## ACTIVITY:
Exclude the pictures and repeat all of the data exactly.

*** SUPPLIED MATERIAL Section Begins ***

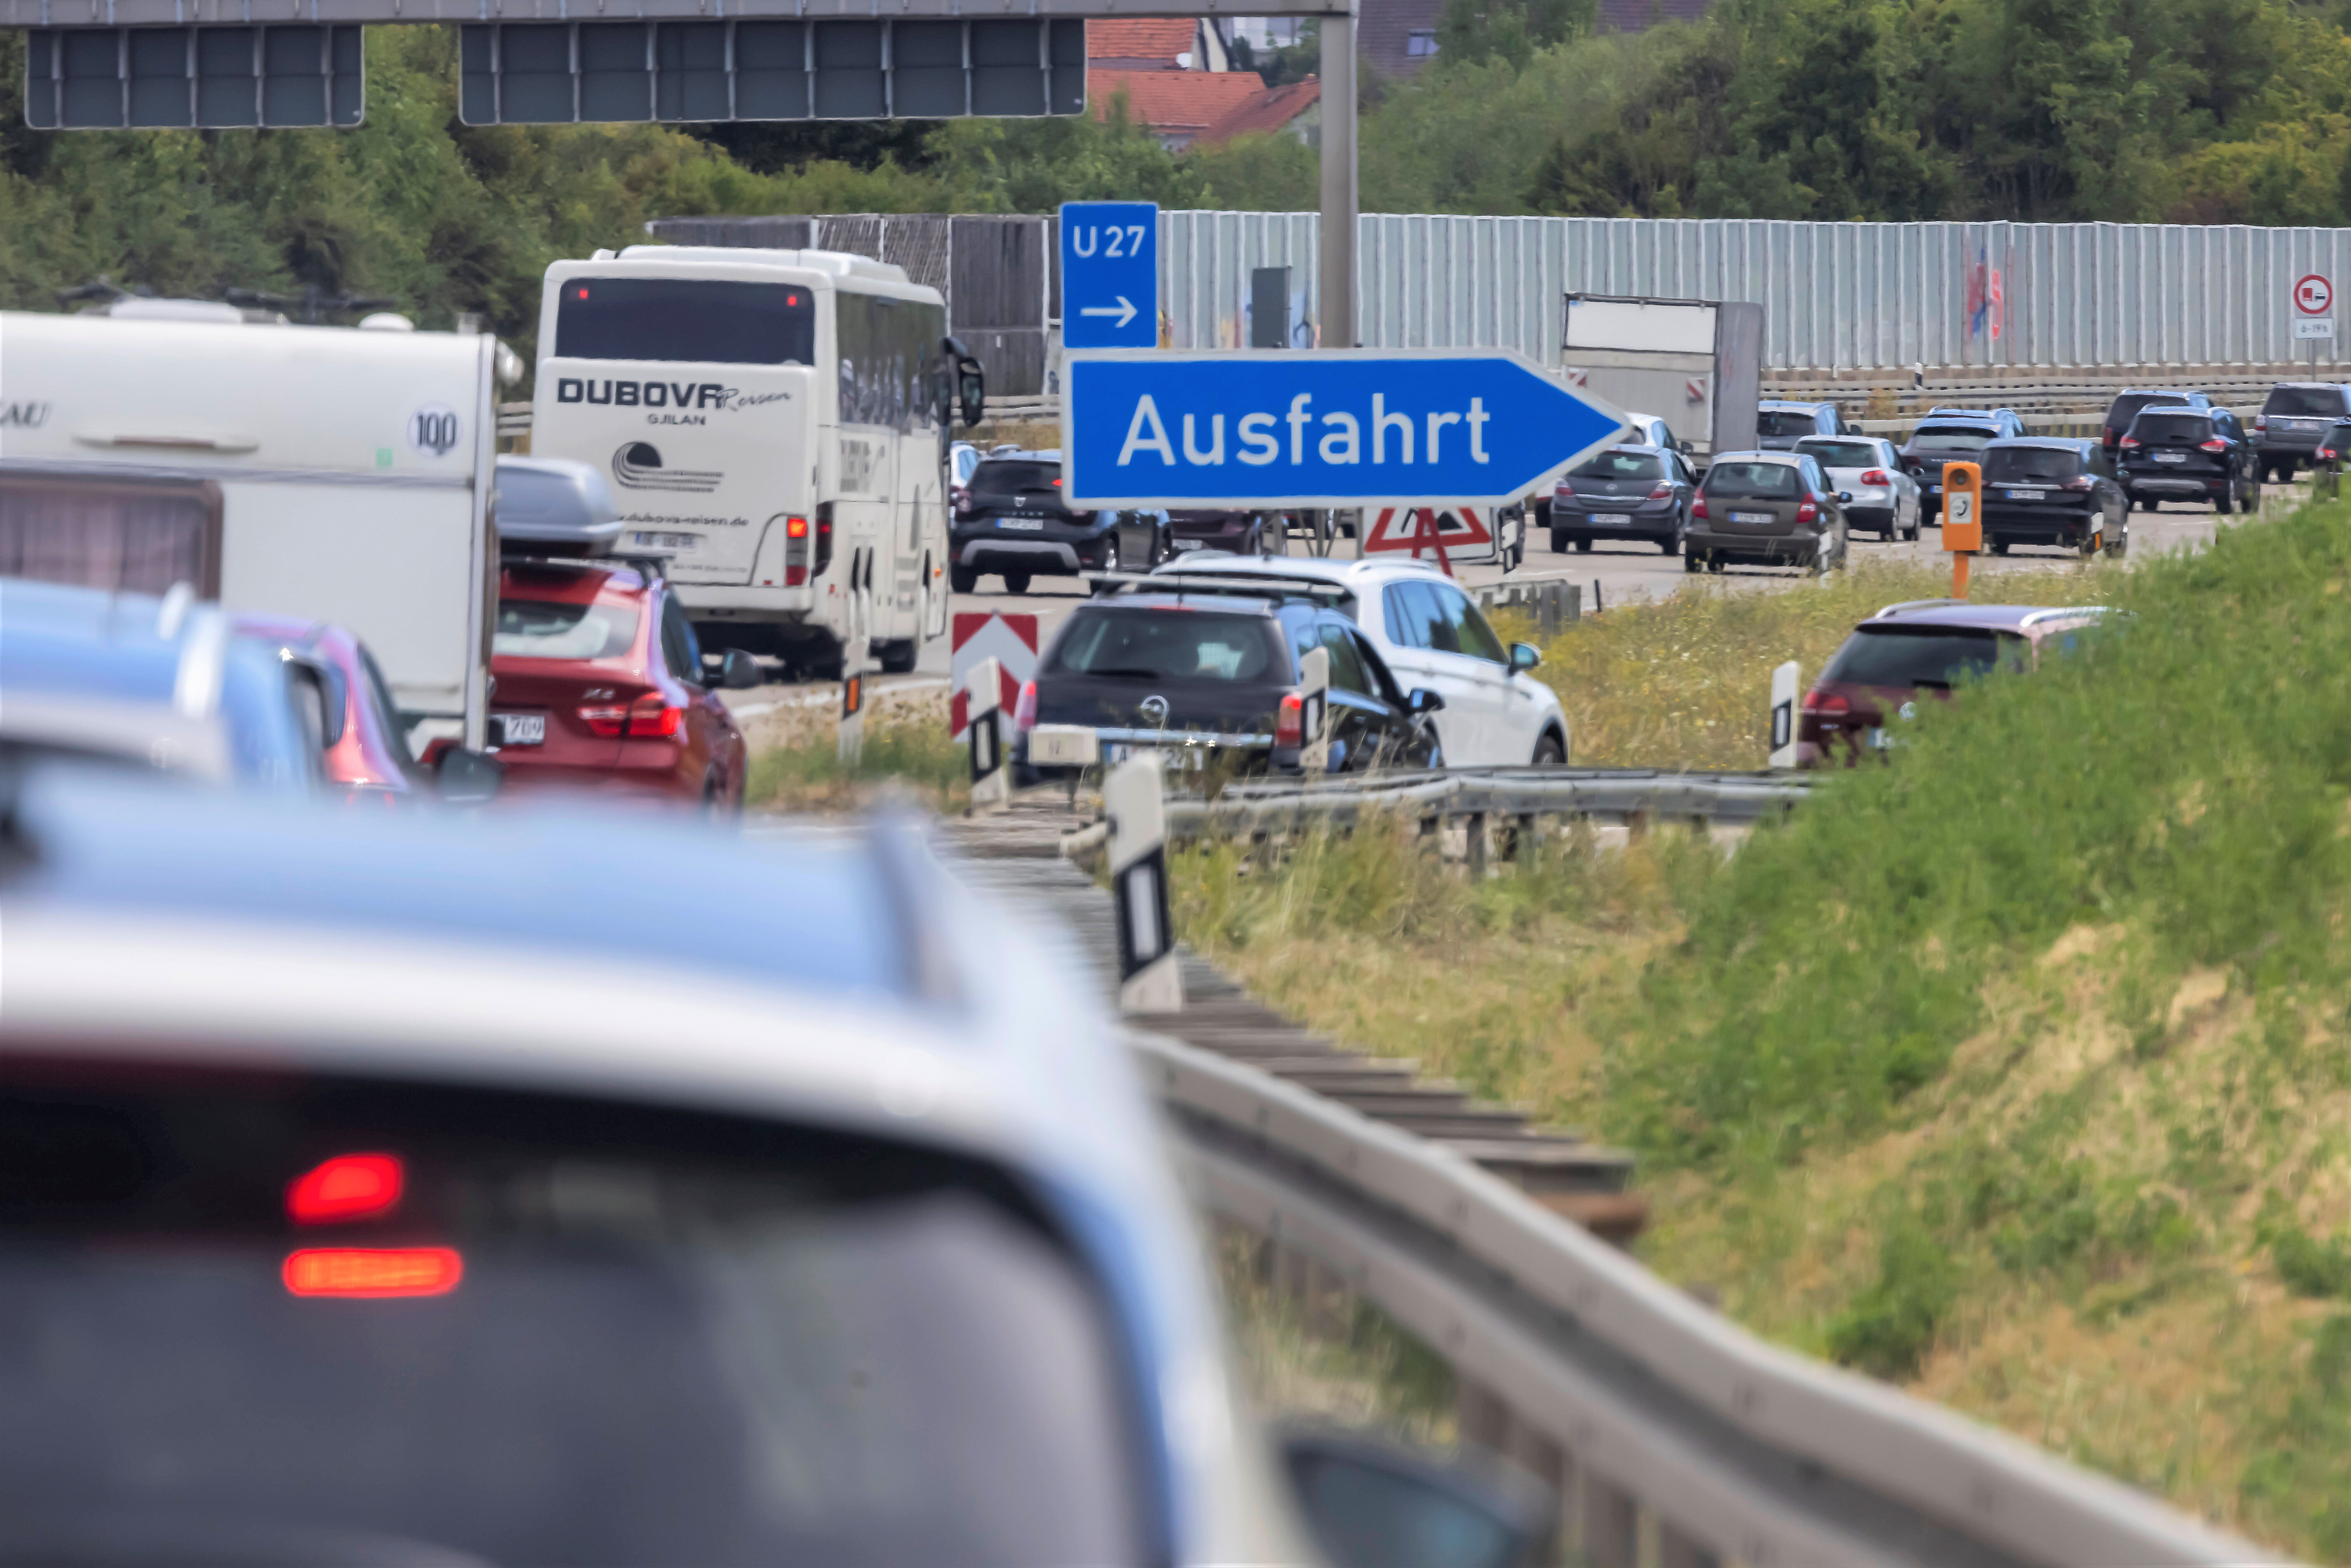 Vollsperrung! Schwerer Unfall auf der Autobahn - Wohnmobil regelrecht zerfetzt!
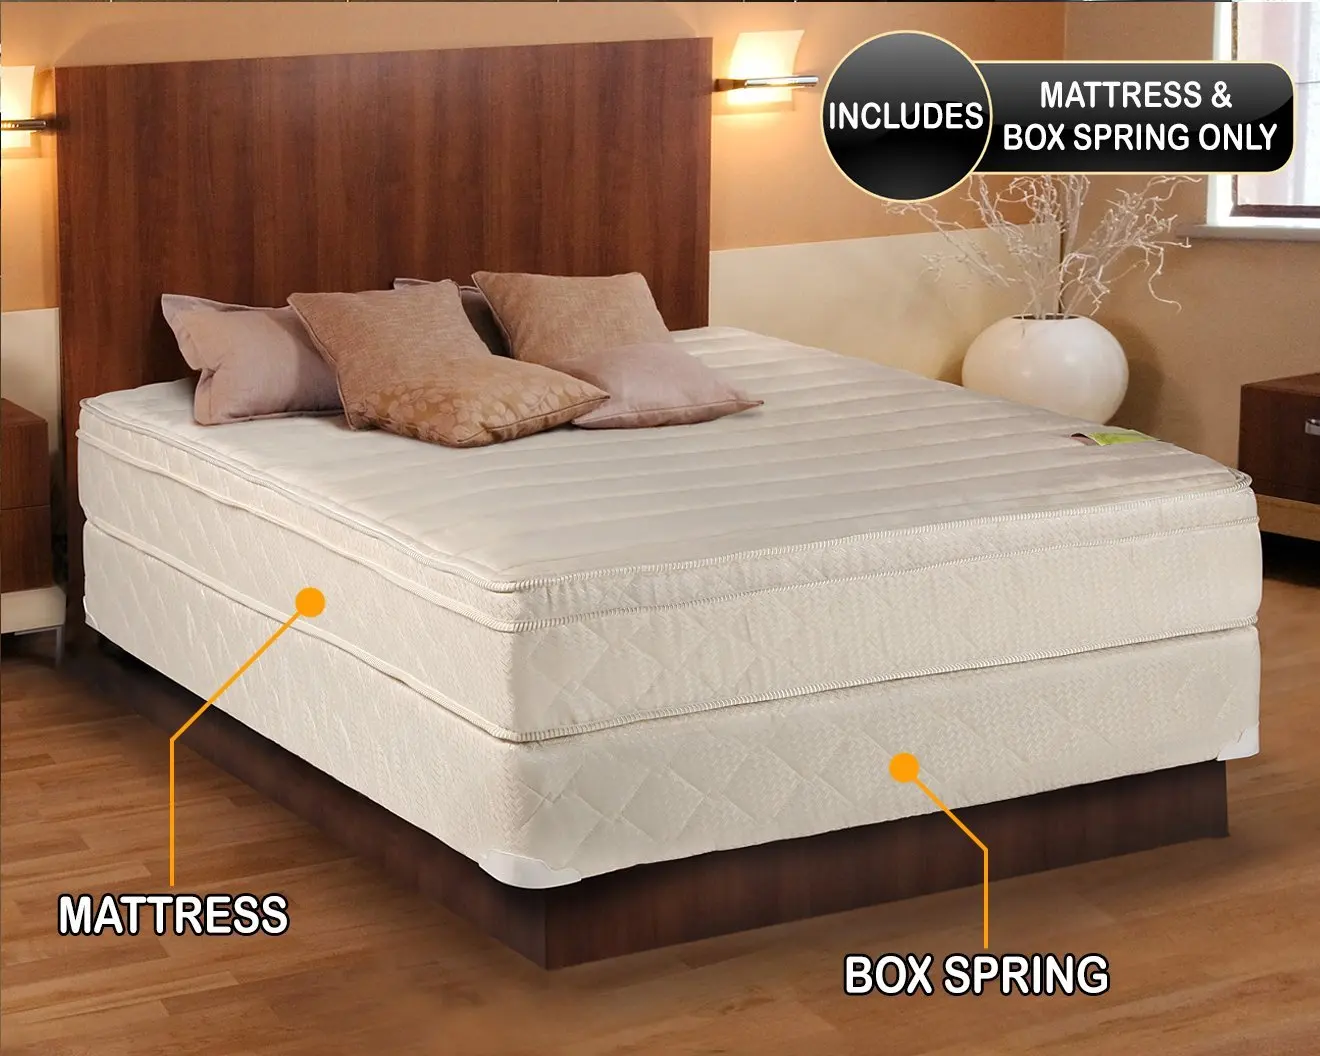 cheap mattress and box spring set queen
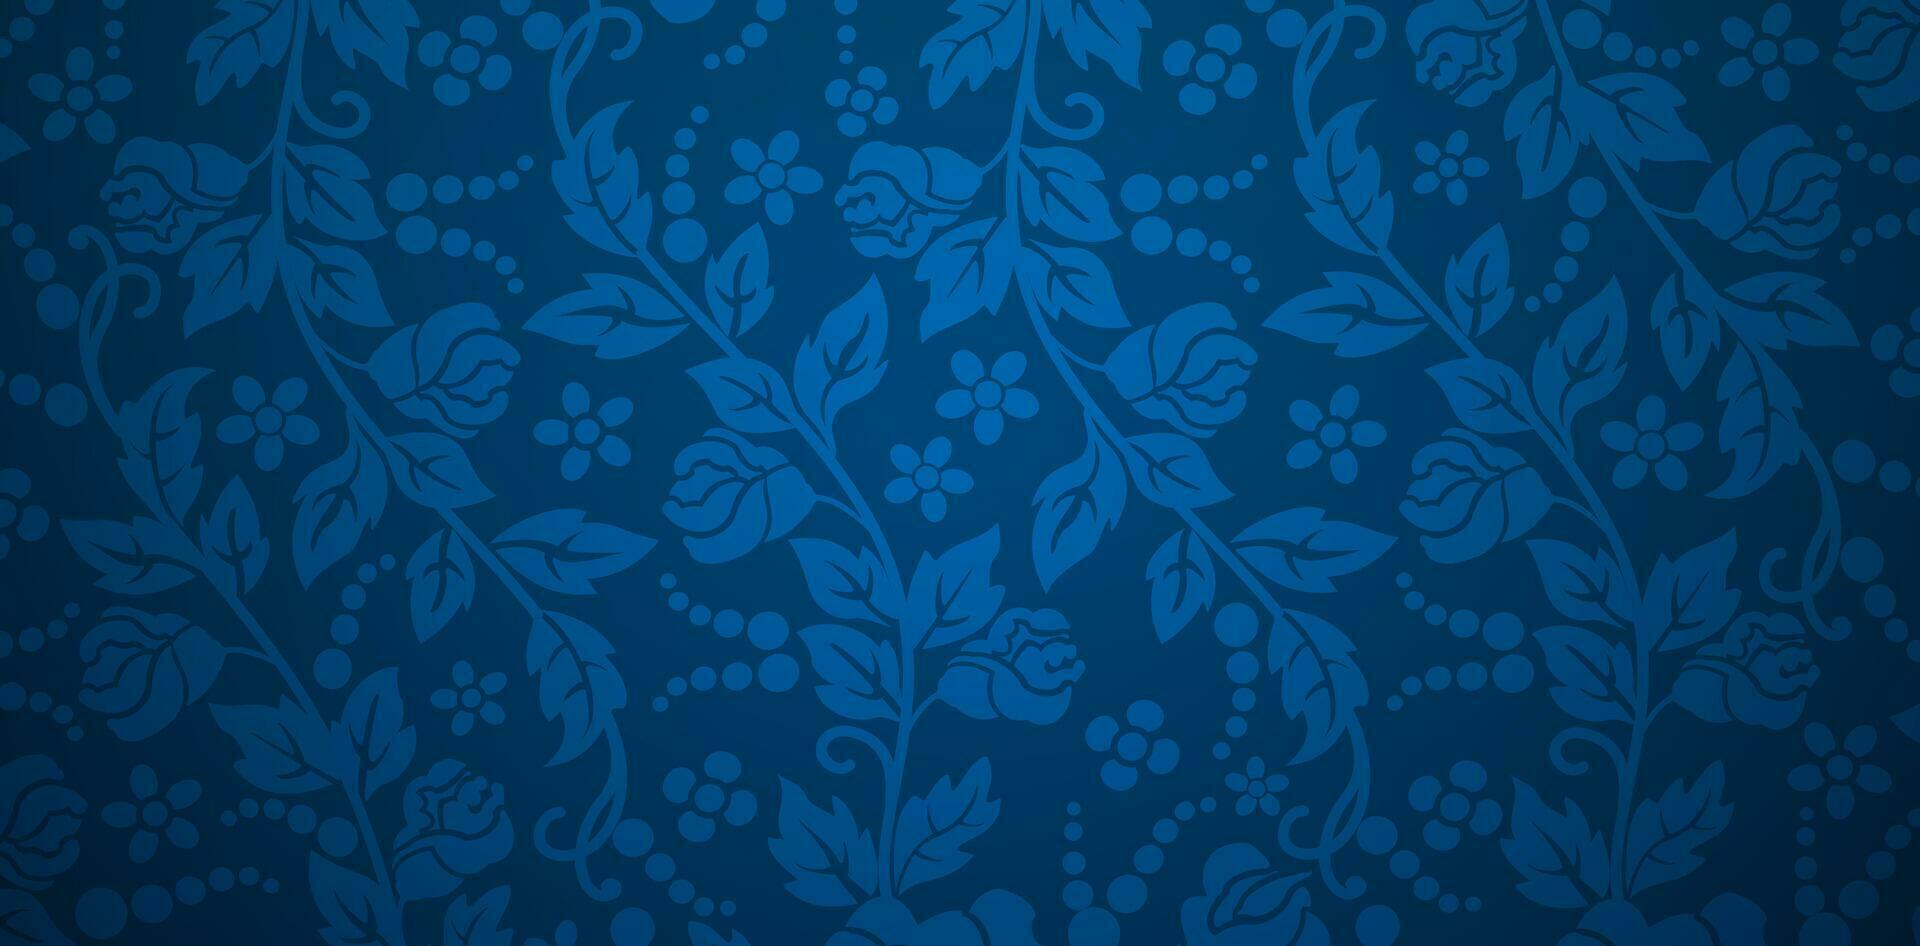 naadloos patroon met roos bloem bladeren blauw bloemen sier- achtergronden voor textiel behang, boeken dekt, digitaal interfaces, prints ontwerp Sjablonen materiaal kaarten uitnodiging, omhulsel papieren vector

*** SUPPLIED MATERIAL Section Ends ***

## RESPONSE:
 Vollsperrung! Schwerer Unfall auf der Autobahn - Wohnmobil regelrecht zerfetzt!
 cheap mattress and box spring set queen
 naadloos patroon met roos bloem bladeren blauw bloemen sier- achtergronden voor textiel behang, boeken dekt, digitaal interfaces, prints ontwerp Sjablonen materiaal kaarten uitnodiging, omhulsel papieren vector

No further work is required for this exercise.